My Holy Saturday started out fairly well. I ran a meeting and then I ran a run. I'm managing a very, very cool project that I can't QUITE go public with just yet, but I will soon!
For the run, I decided to go through the Rock Creek parkway. I discovered the parcourse (think parkcour type stuff) and meandered along. I skipped running through the Zoo (which is the shortest way home) and instead took the longer route that resulted in a few oddball turns, running past a "closed to pedestrians" sign. Ultimately, I netted 5.7 miles according to my Misfit Shine app. I don't have an idea of pace, but that's because I don't have a fancy Garmin style watch.
Then I got ready to head out to Holy Cross for Easter Vigil.
I was pretty excited this year. I was supposed to be long gone, as the Interim, but the stars aligned so I got a bonus Easter. And that means...
You might know that last year, the Easter Fire literally fizzled. I got nervous, tweaked the recipe at the last minute, and put it out in the yard too soon, so when I went to town with my cool Oregon survival tool, the sparks shone out brilliantly in the dying twilight for the merest of moments before fizzing out with a tiny scream of doomed hope. I had to light it, last year, with... a lighter.
This year I was determined to succeed! And because my survival tool was all packed away, it meant I had to succeed with nothing but a mini camping flint.
Plus it was windy!
This year, I practiced all week. I fine tuned the recipe. I did the recipe exactly like I should, and at the last moment, just before lighting, I heroically fought down the urge to add STILL MORE flammables at the last instant... (that was what did me in last year).
Two strikes of the flint, and the fire roared into existence! There was applause and not a few people said it was the coolest thing they'd seen.
That's one way to drop the mic on your last day at work.
In "funny DC stories"... I had a great moral victory on the way to work. I had just driven away from home when I remembered that I'd forgotten the parchment paper I'd promised to bring in, so I sped around the block to run and retrieve it. Just two blocks from my place, traffic came to a standstill.
I KNOW, right?
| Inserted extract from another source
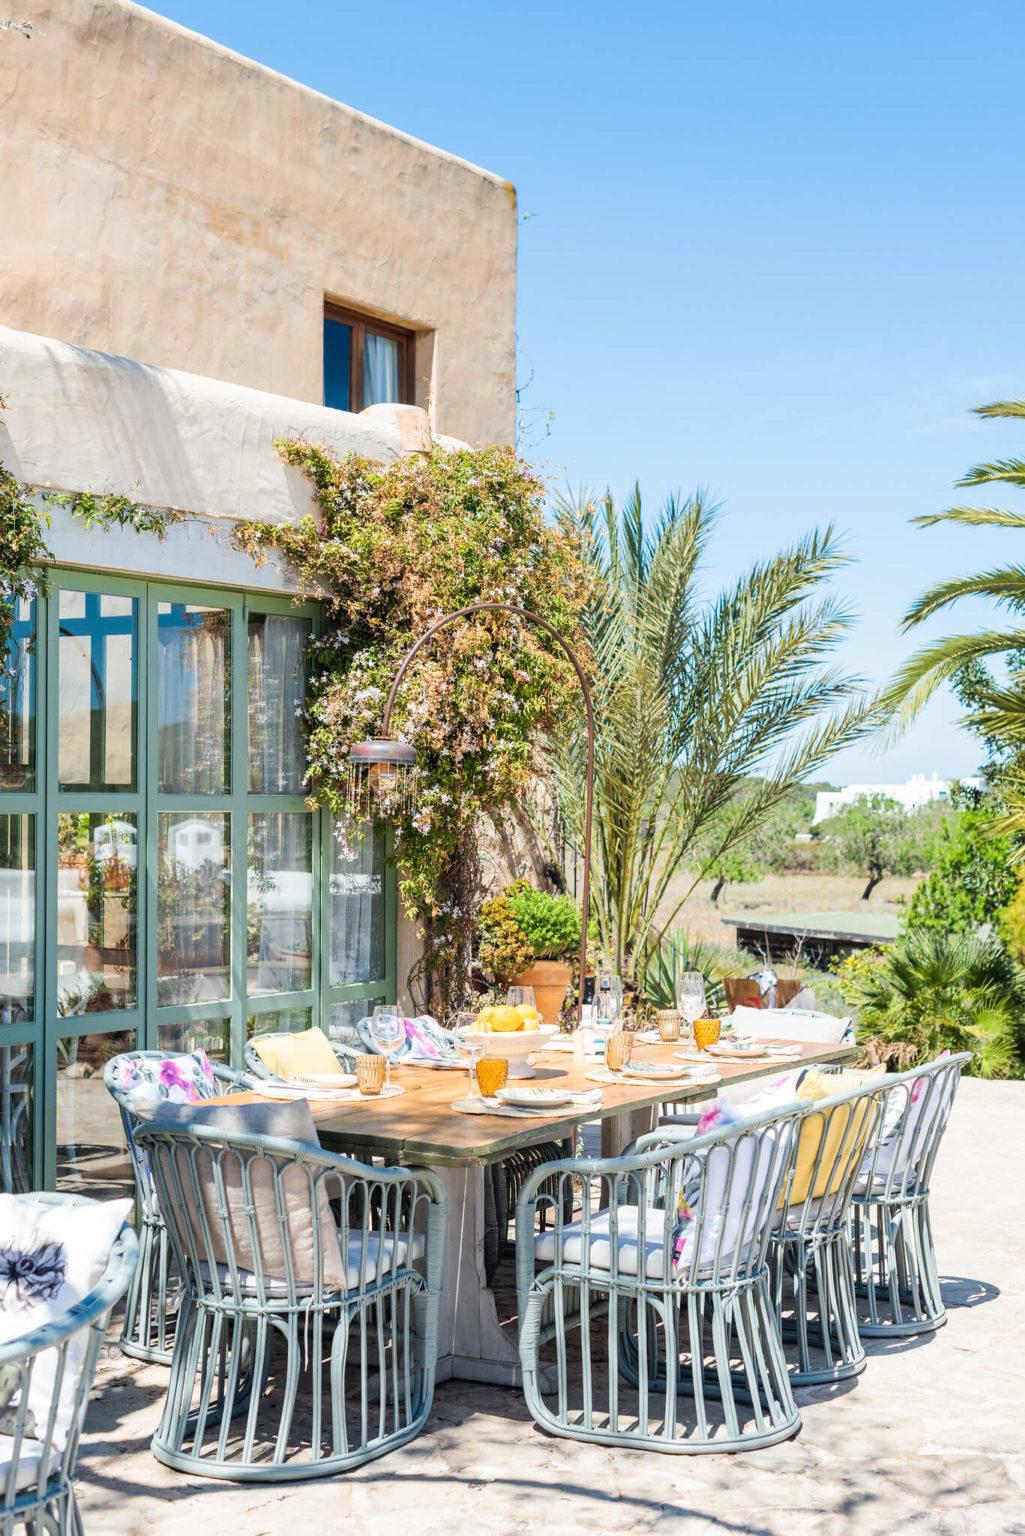 https://www.white-ibiza.com/wp-content/uploads/2020/03/white-ibiza-restaurants-es-cucons-08-1025x1536.jpg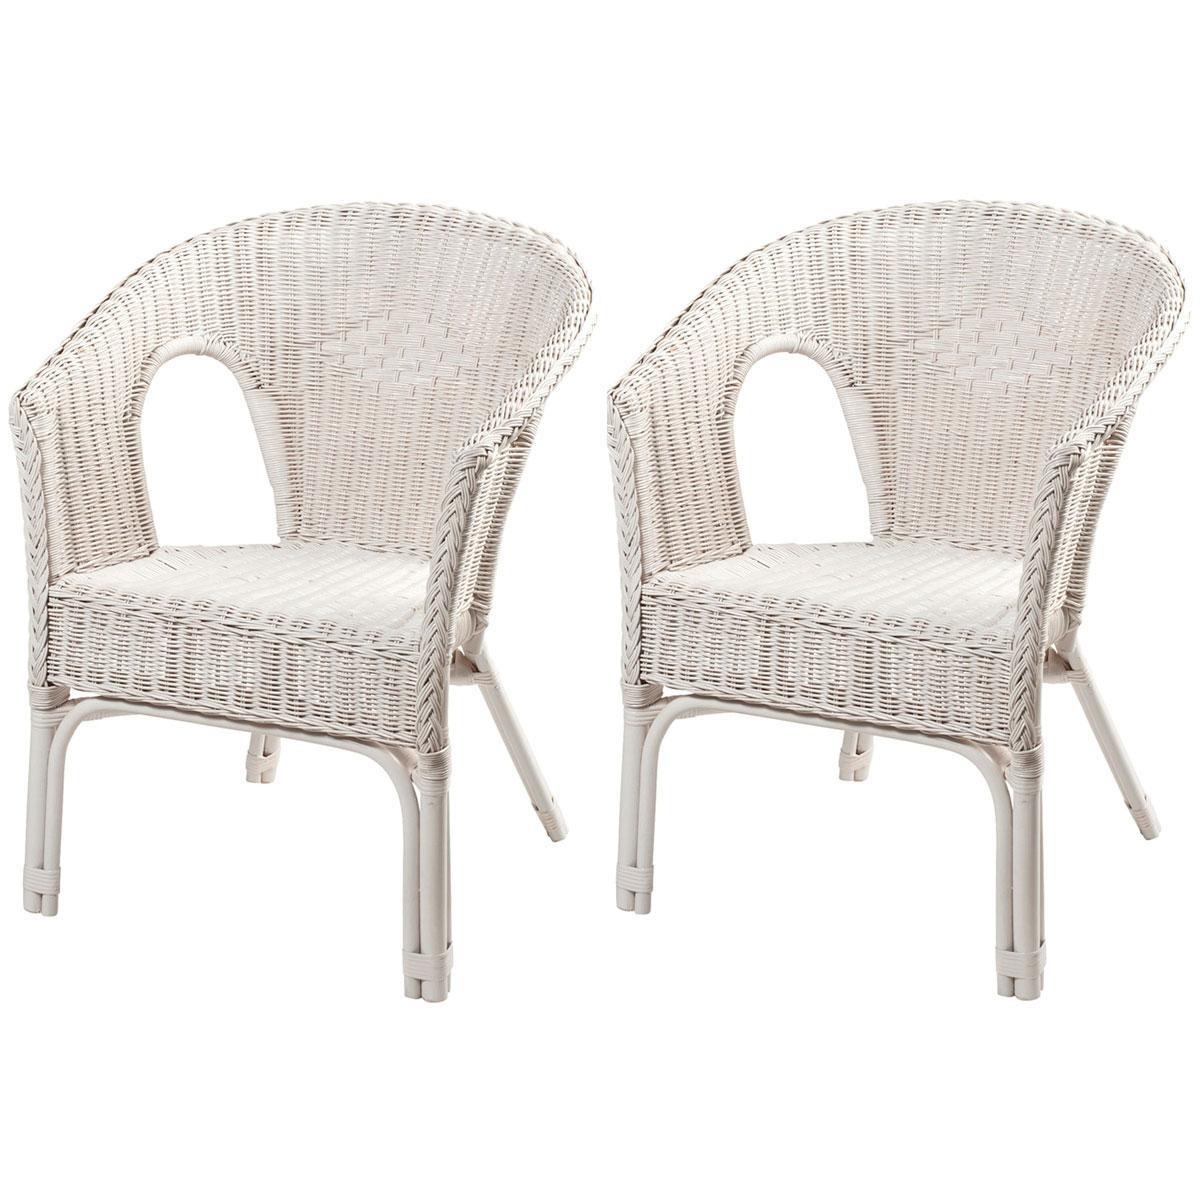 fauteuil rotin conforama meilleur maison du monde a osier fauteuil rotin conforama inspirant pas cher wiblia photos of

WORST THING EVER. It's SATURDAY, people!
As I inched forward, I saw people pulling around this giant SUV parked in the right lane, just sitting here, BLOCKING EVERYTHING.
Me being me, I was mere nanoseconds from leaning on my horn and yelling an encouraging phrase meant to help the offending driver learn to move their vehicle in a more expedient manner, when (thankfully) I noticed it was not one, but several black SUVs. Black Suburbans, specifically. Black Suburbans with some very nice young men standing outside in suits.
That's right. That would be the Secret Service. Apparently, Michelle Obama likes to get her workout on at a particular studio, and sometimes goes to the gym in my neighborhood. All the tourists were out to see her come out from her workout, and yes, the Secret Service does rather block traffic in their Suburbans when the Obamas are up here in NW.
SO, at the end of the day, I DID **NOT** HONK AND YELL at the Secret Service. That probably would have been bad. I got around them and noodled away to get to back to my apartment, where I ran upstairs at warp speed, grabbed the forgotten parchment paper, and ran outside at even faster warp speed to jump into my car and speed off BEFORE Michelle Obama came out of her workout and shut down Wisconsin again by driving home to her house.
I beat the Motorcade! And I didn't CUSS at the Motorcade.
I'm freakin' heroic, that's what I am. Boom.